A handful of replication studies in non-European populations for CHD-related phenotypes have been published to date. Most of these studies make use of populations of East Asian ancestry [22–25] in which patterns of LD are similar to LD patterns in Europeans. Not surprisingly, these studies confirm previously described associations with disease phenotypes discovered in populations of European ancestry. A replication study in a multi-ethnic sample  that included relatively small numbers of cases and controls per ethnic origin confirmed association in Hispanics, but found no association in African Americans, possibly due to the small sample size and the low frequency of the alleles studied. Studies from populations of diverse ancestry are generally lacking. Our results demonstrate the importance of ancestry-specific allelic background when selecting SNPs for replication in global populations, and demonstrate that this approach can complement fine-mapping studies to possibly identify novel putative causative variant/s. Intriguingly, our data imply very different population histories for these two adjacent disease loci, with an increase in the prevalence of the T2D protective allele, most notably in East Asian populations, versus an increase in the prevalence of the CHD risk allele already in Middle Eastern populations.
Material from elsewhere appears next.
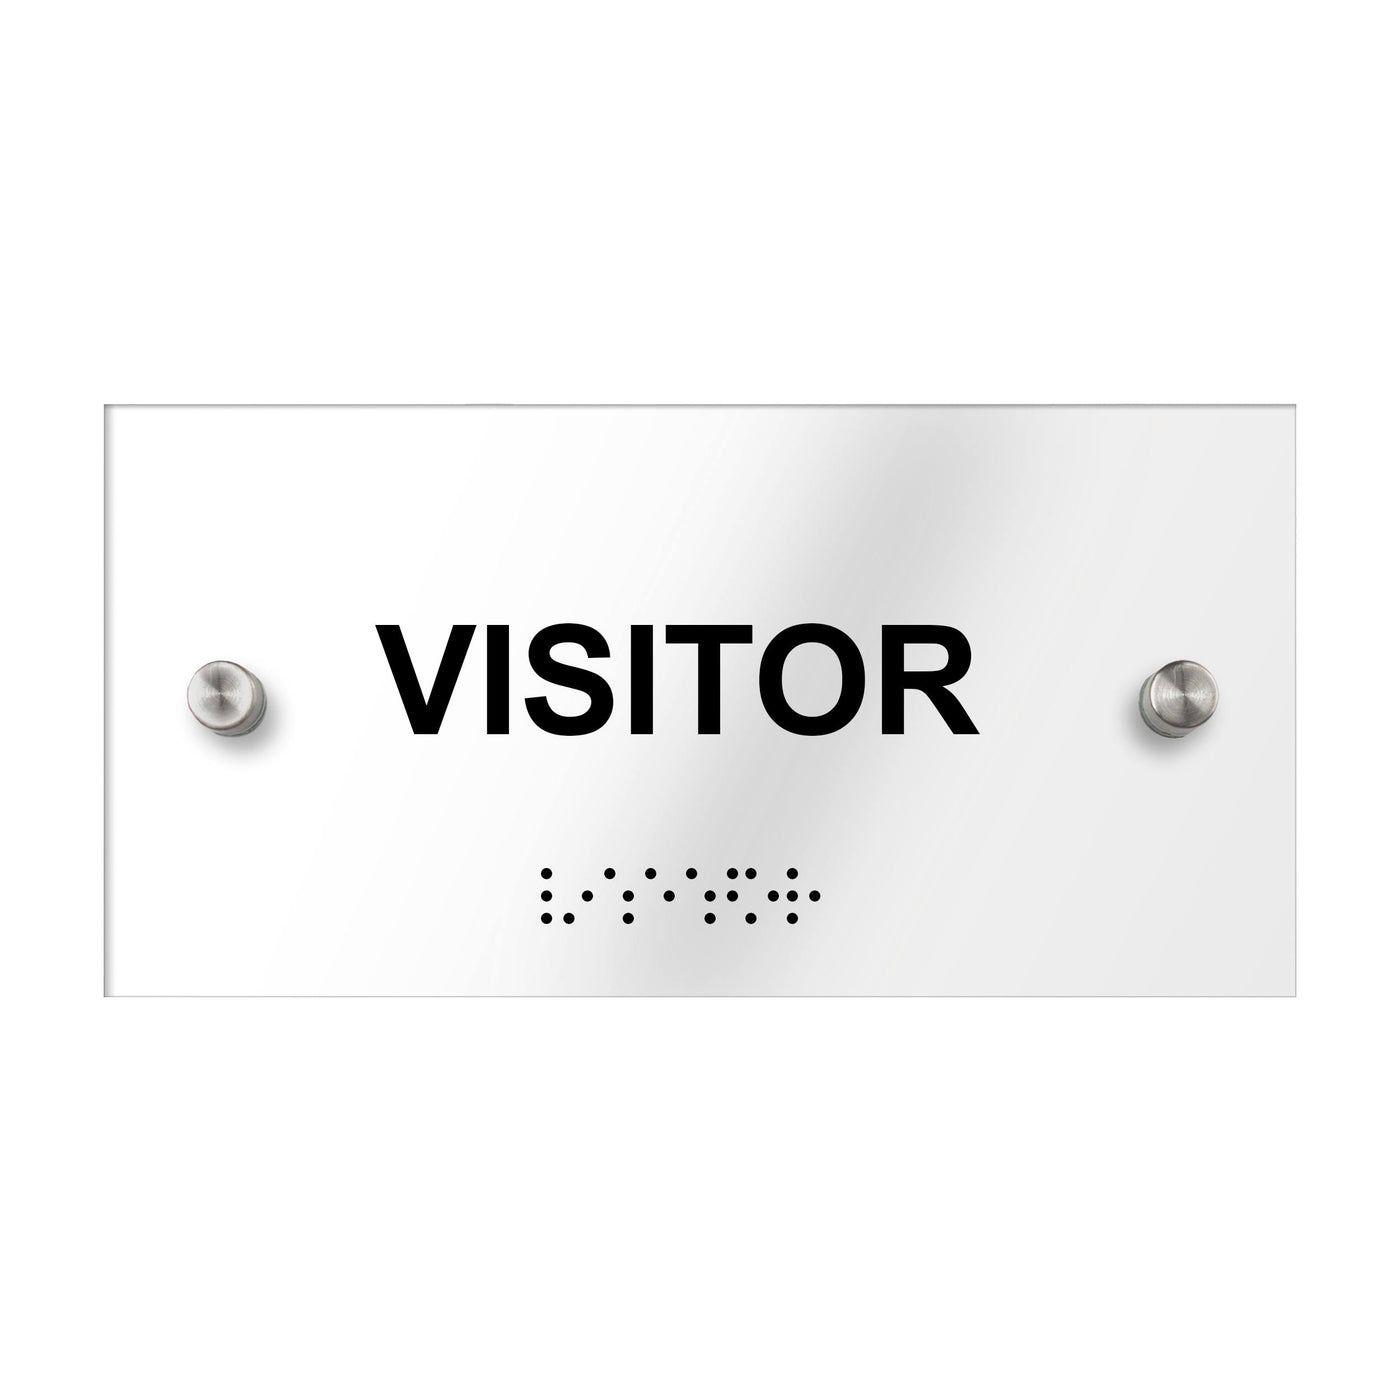 Door Signs - Visitor Sign "Classic" Design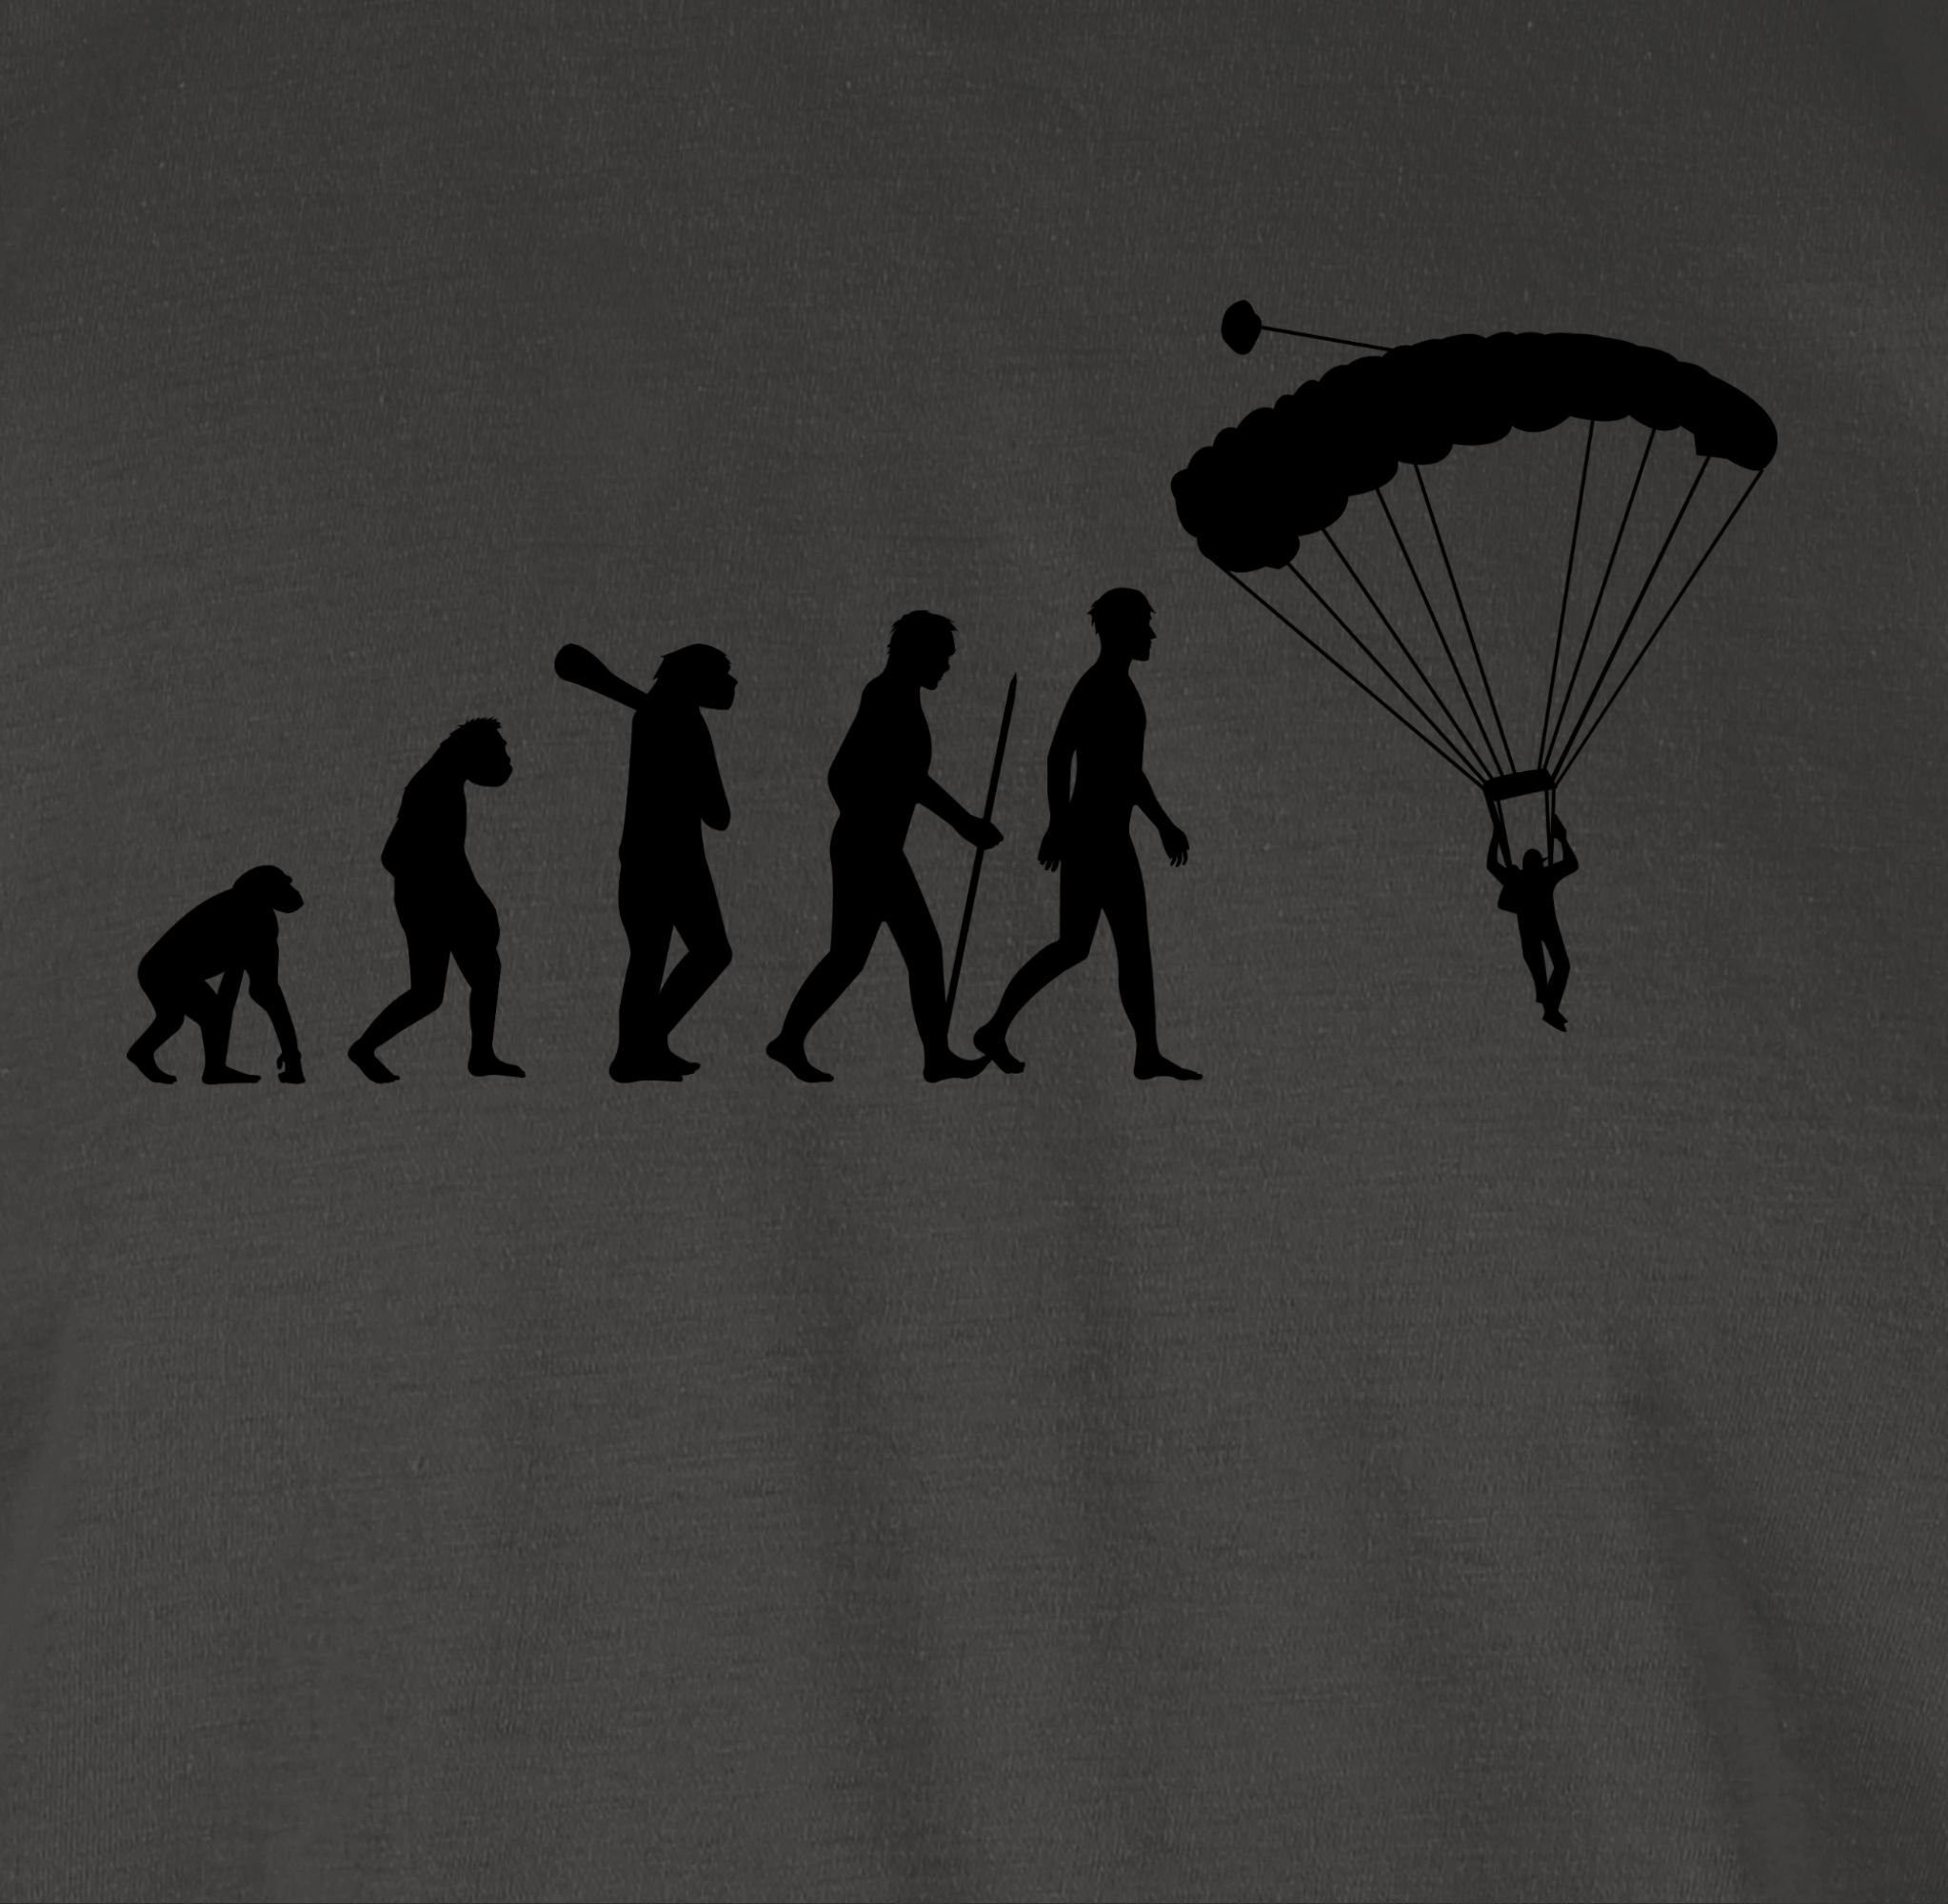 1 Evolution T-Shirt - evolution Premium tshirt - Fallschirmspringen Herren Dunkelgrau - - fallschirm fallschirmsprung Evolution T-Shirt Outfit Shirtracer gleitschirm

The HGDP SNP data we used here are publicly available and represent a valuable resource for studies of other complex diseases.
Additional data files
The following additional data are available with the online version of this paper. Additional data file 1 is a Powerpoint file showing the pattern of linkage disequilibrium in the African HGDP samples on chromosome 9:22071397-22124172, a region approximately 53 kb long.
Centre d'Etude du Polymorphisme Humain
HapMap data from 30 trios of Northern and Western European ancestry
coronary heart disease
Human Genome Diversity Panel
single nucleotide polymorphism
type 2 diabetes.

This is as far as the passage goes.